Entrepreneurs of Color: Funding, Momentum & Who’s Getting Backed

A quick note on language: the phrase “colored entrepreneur” has harmful, outdated baggage. On this page we’ll say entrepreneurs of color (inclusive of Black, Latine/Latinx, Indigenous, Asian, Middle Eastern, multiracial, and immigrant founders). The goal here is simple: make it easier to find capital, mentors, and examples that look like you.
We publish a monthly list of startups that raised capital, plus contacts and context. Below is the living, public version: the state of funding, programs that actually write checks, and a snapshot of funded founders and companies to know right now.
The funding reality (and why this page exists)
- In the U.S., Black‑founded startups received about 0.4% of all venture dollars in 2024—the lowest share in years. Overall venture rebounded slightly; capital to Black founders did not. (Crunchbase News)
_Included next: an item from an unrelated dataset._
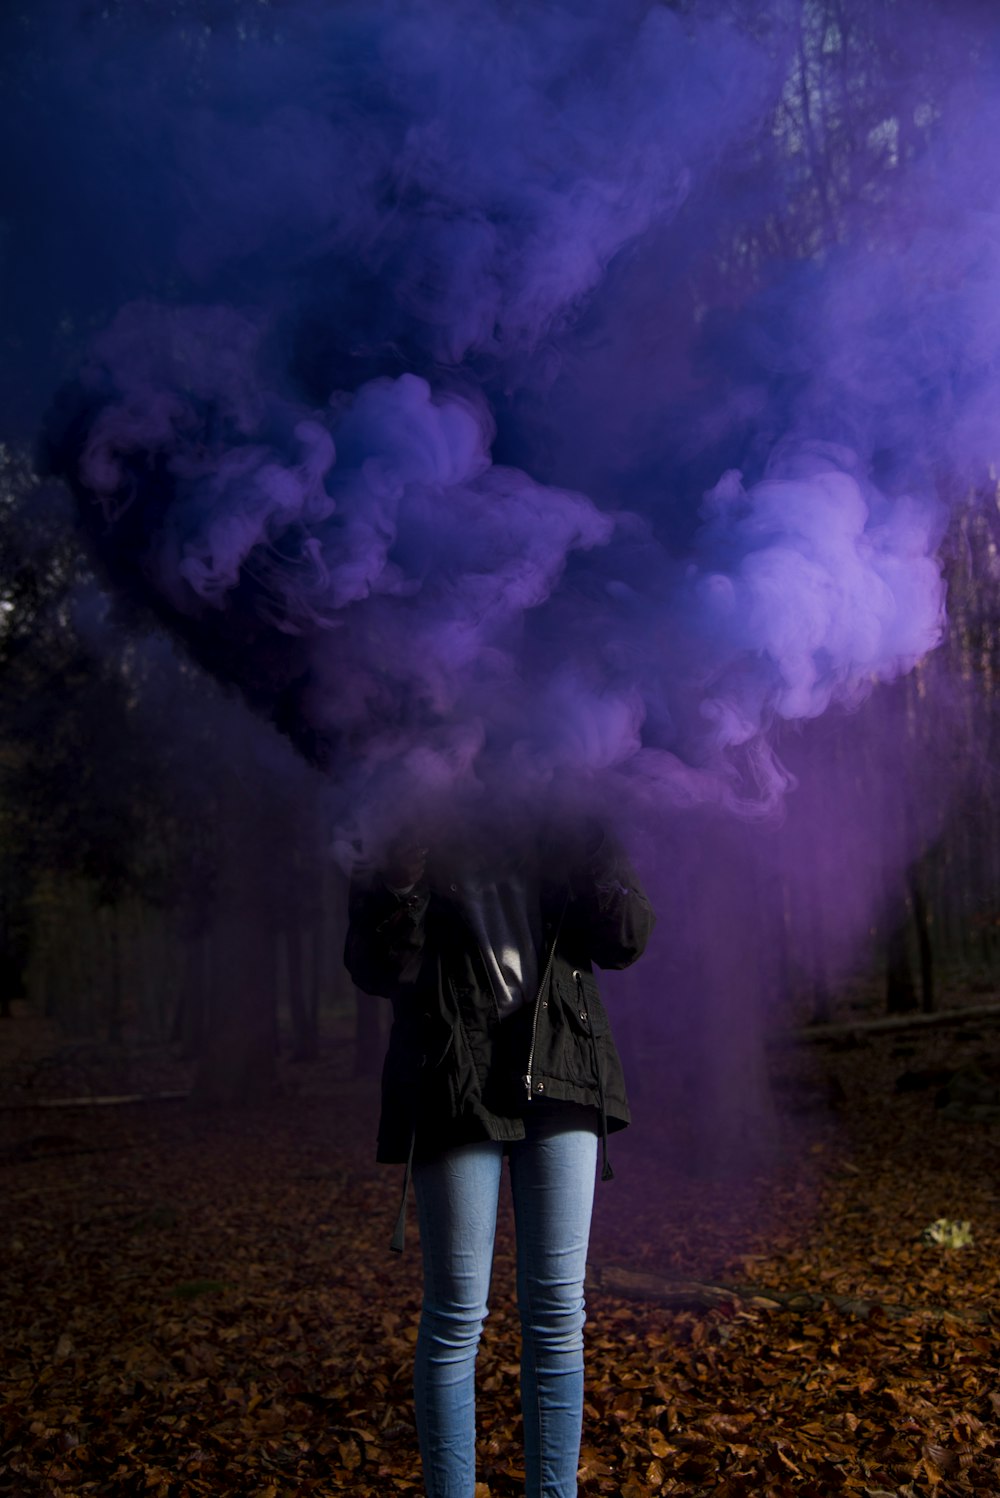 Person in schwarzer Jacke und blauer Jeans, die lila Rauchbombe hält und auf getrockneten Baumblättern steht
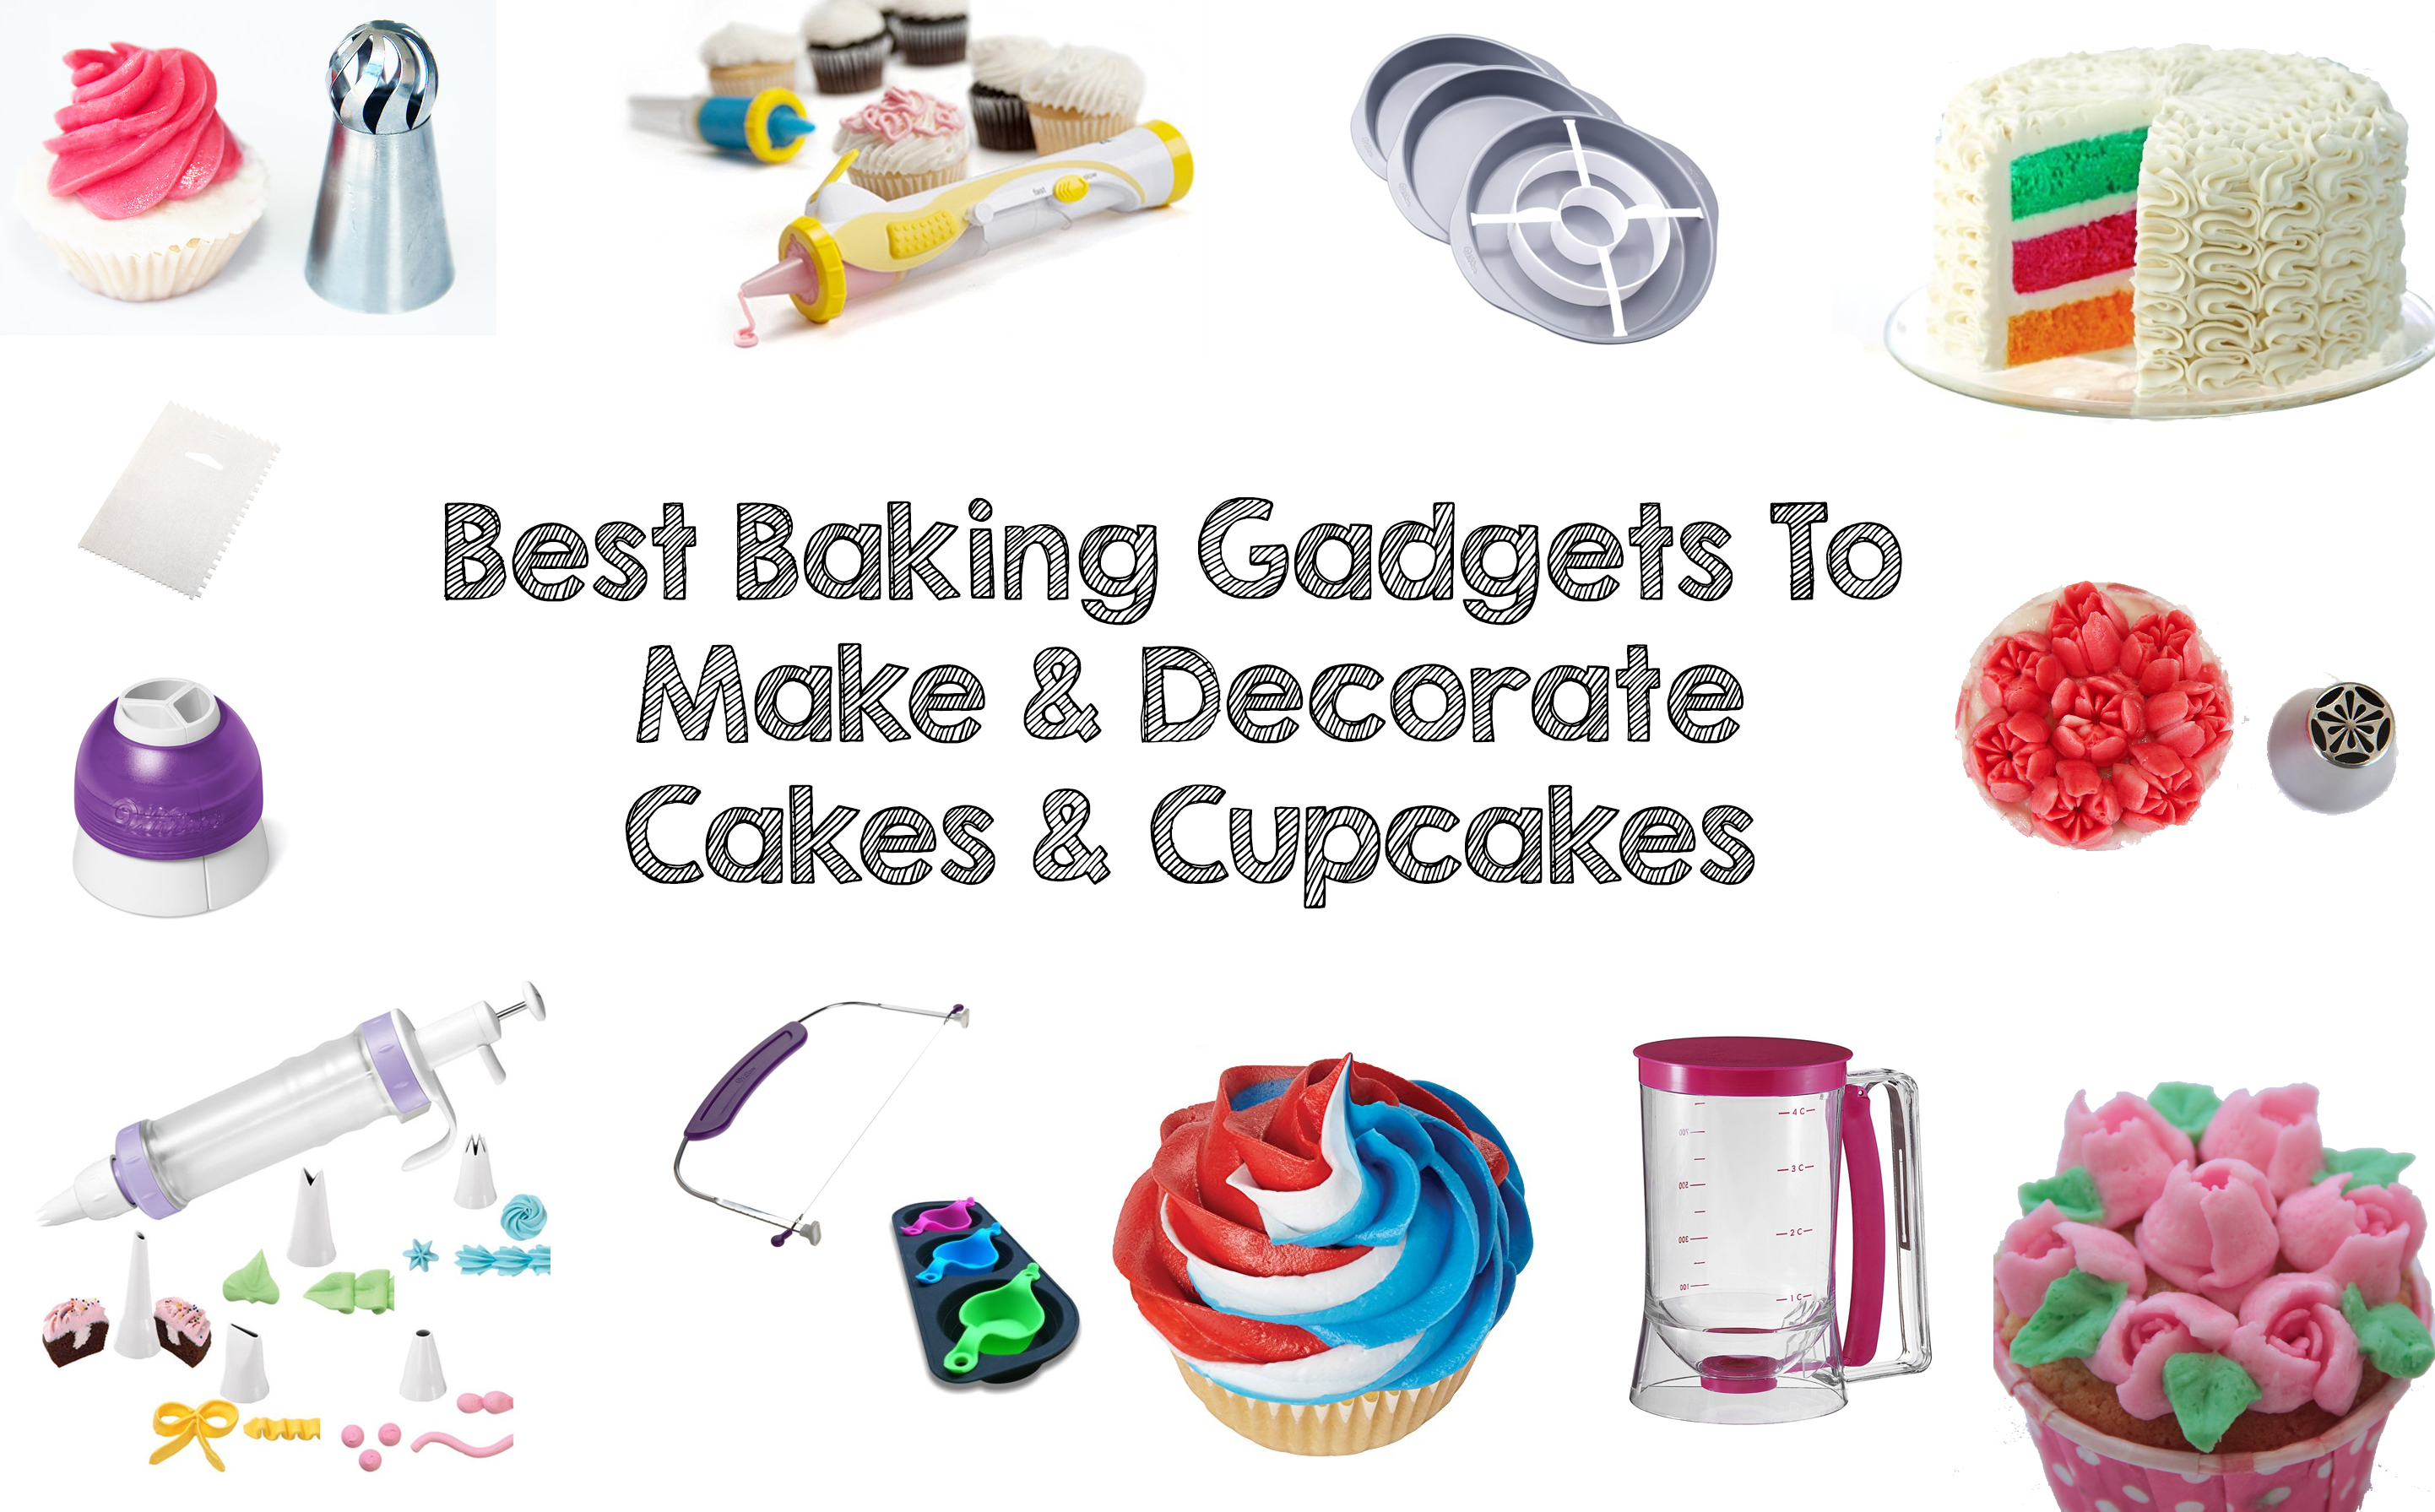 best baking gadgets Macaron Kit 2016 - Walyou

- Latine/Latinx founders saw sharp pullbacks after 2021’s peak; funding to U.S.-based Latine‑founded companies fell dramatically in 2022 and remained pressured into 2023–2024. (Crunchbase News)
- Women of color continue to raise a tiny sliver of VC; a McKinsey review highlighted just 0.1% of venture dollars going to Black and Latina women founders in the period studied. (McKinsey & Company)
- Indigenous founders face even steeper gaps; specialized funds are emerging to close them (see Raven Indigenous Capital Partners below). (tribalbusinessnews.com)
Numbers move each year, but the pattern is stubborn. So this page focuses on what you can do today: find aligned programs, meet investors who are active, and study recent, concrete wins.
Where the money is: programs, funds & allies (that accept cold outreach)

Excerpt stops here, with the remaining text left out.